*Dataset section*:
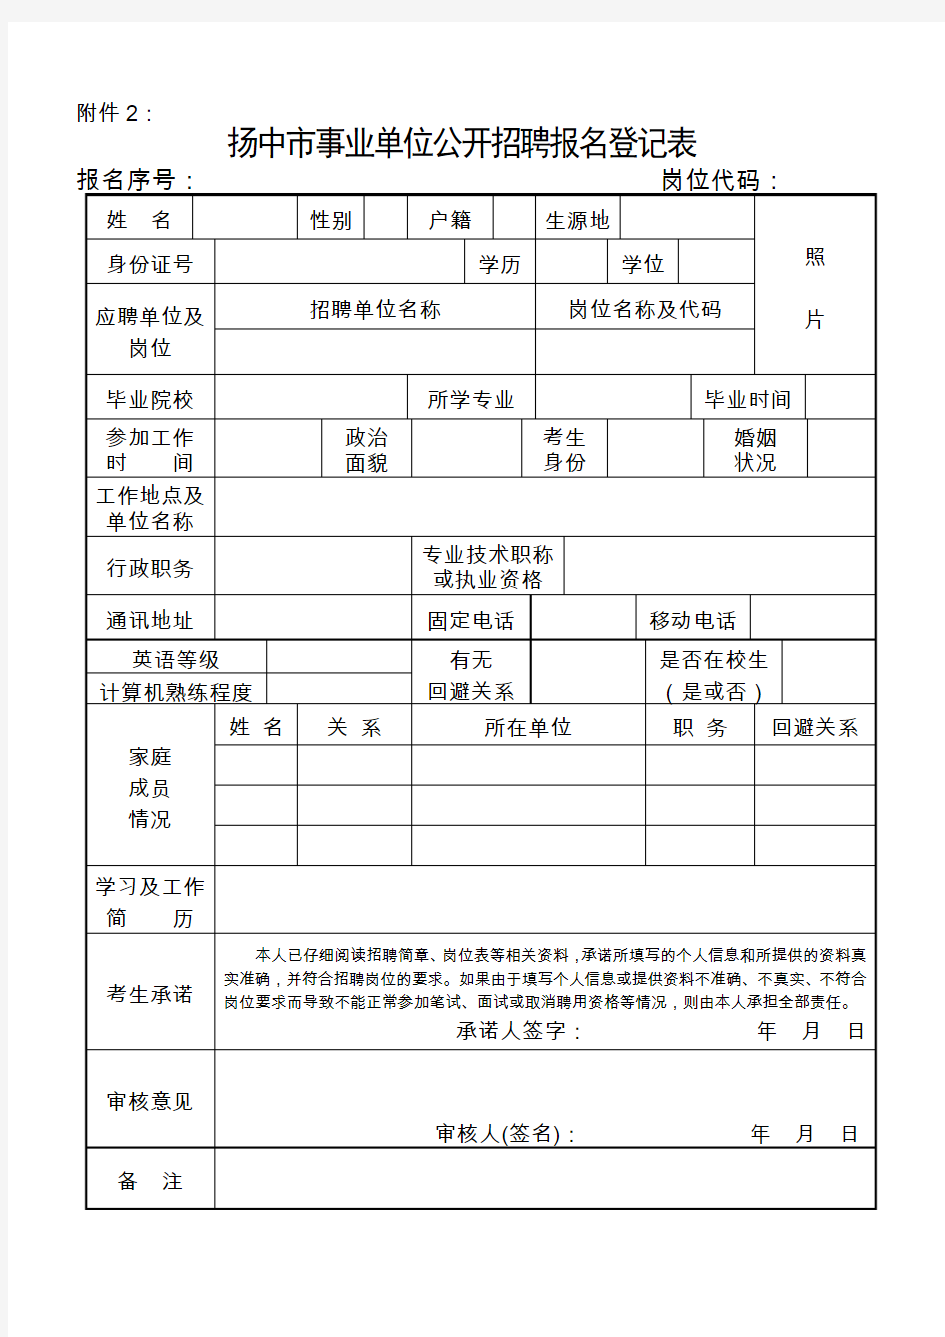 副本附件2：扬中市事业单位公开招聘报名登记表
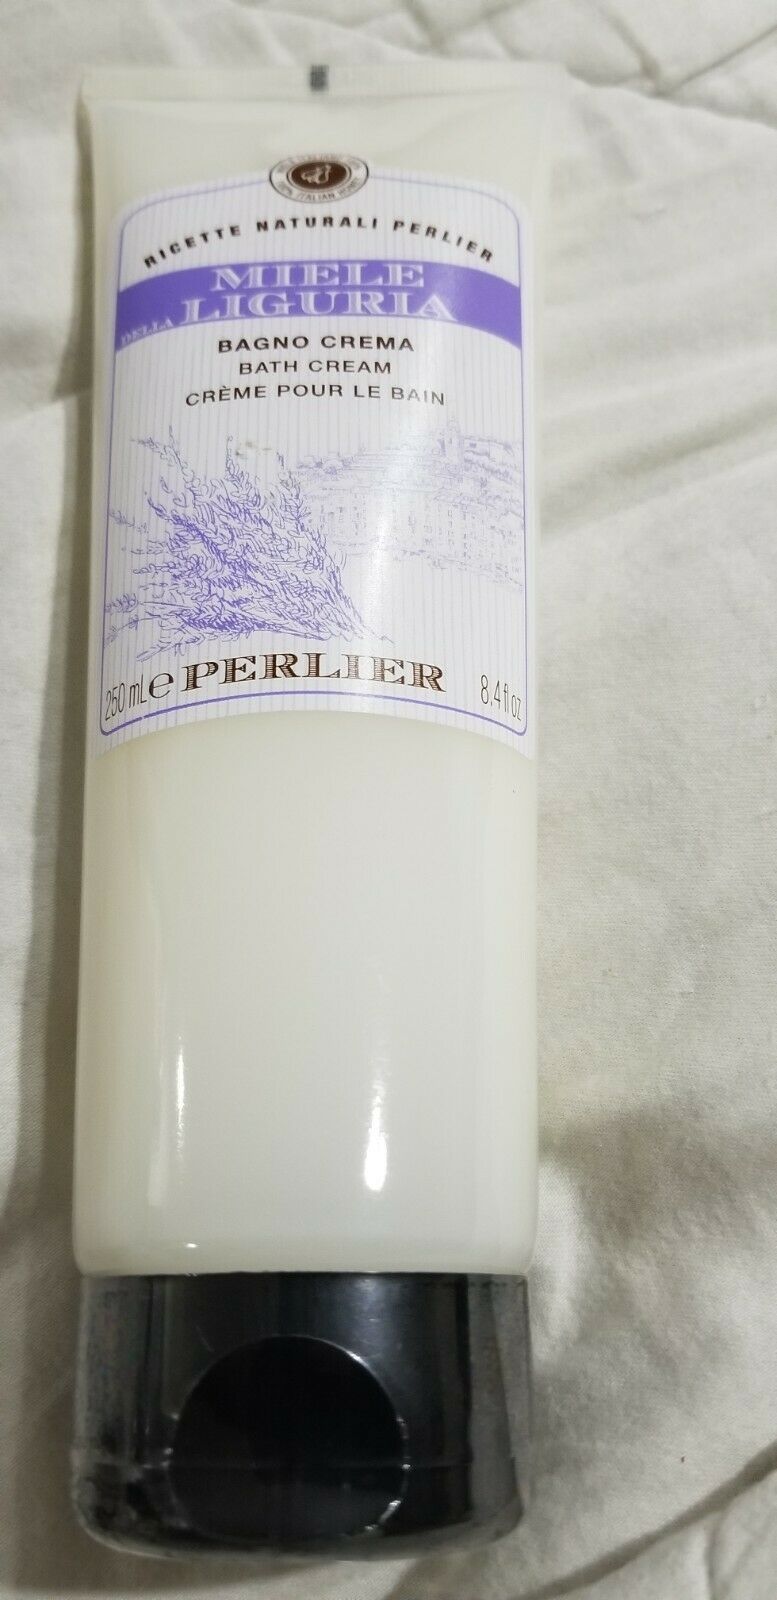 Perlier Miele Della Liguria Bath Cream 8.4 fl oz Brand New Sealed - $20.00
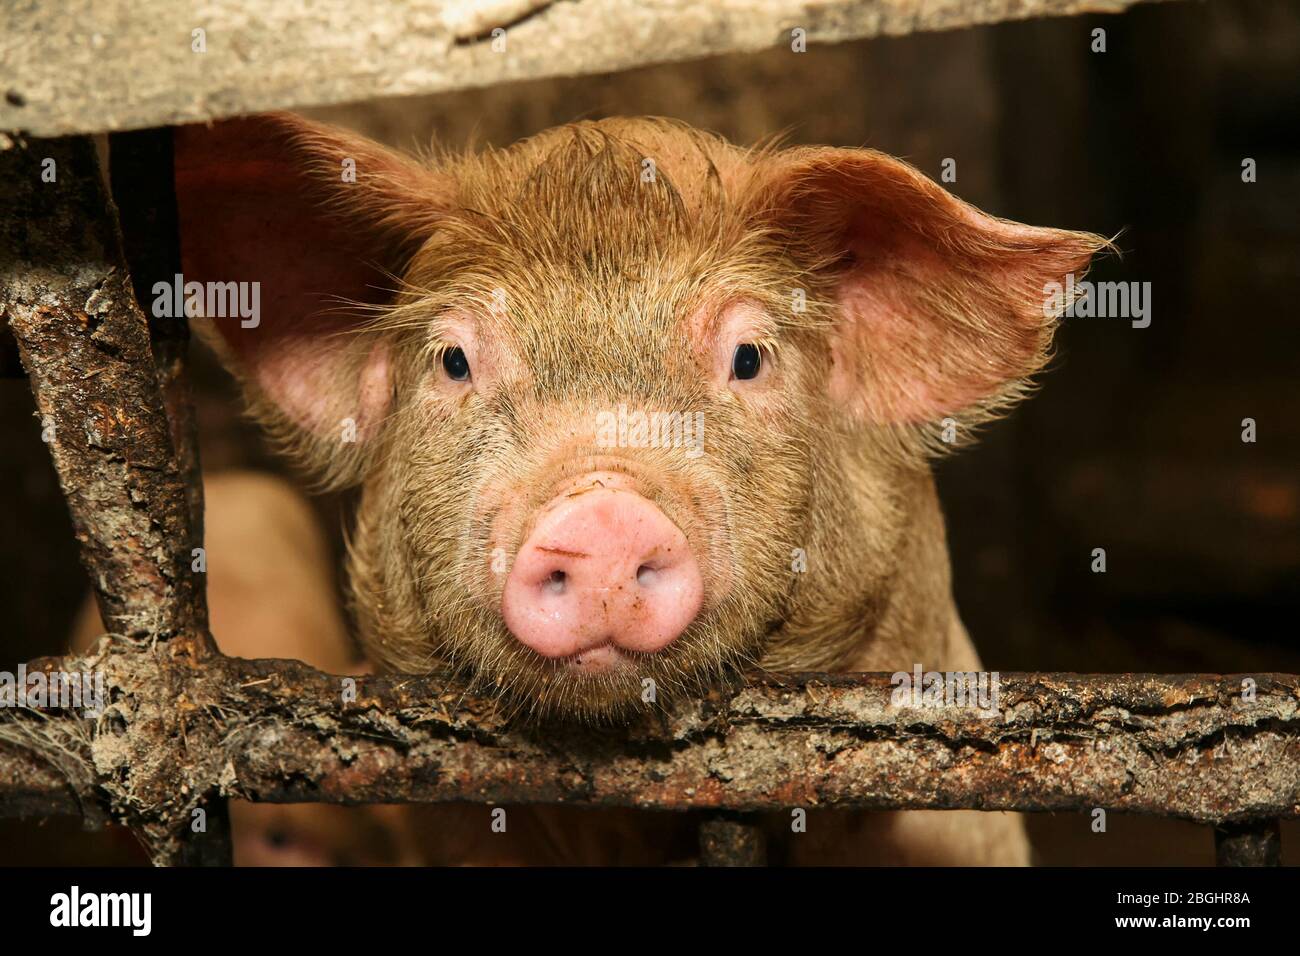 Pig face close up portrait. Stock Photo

*Problem*:
Please copy the data above word for word, but only from the line that contains "Perlier Miele Della" through the final line, both included, and without the pictures.

*Task result*:
 Perlier Miele Della Liguria Bath Cream 8.4 fl oz Brand New Sealed - $20.00
 Pig face close up portrait. Stock Photo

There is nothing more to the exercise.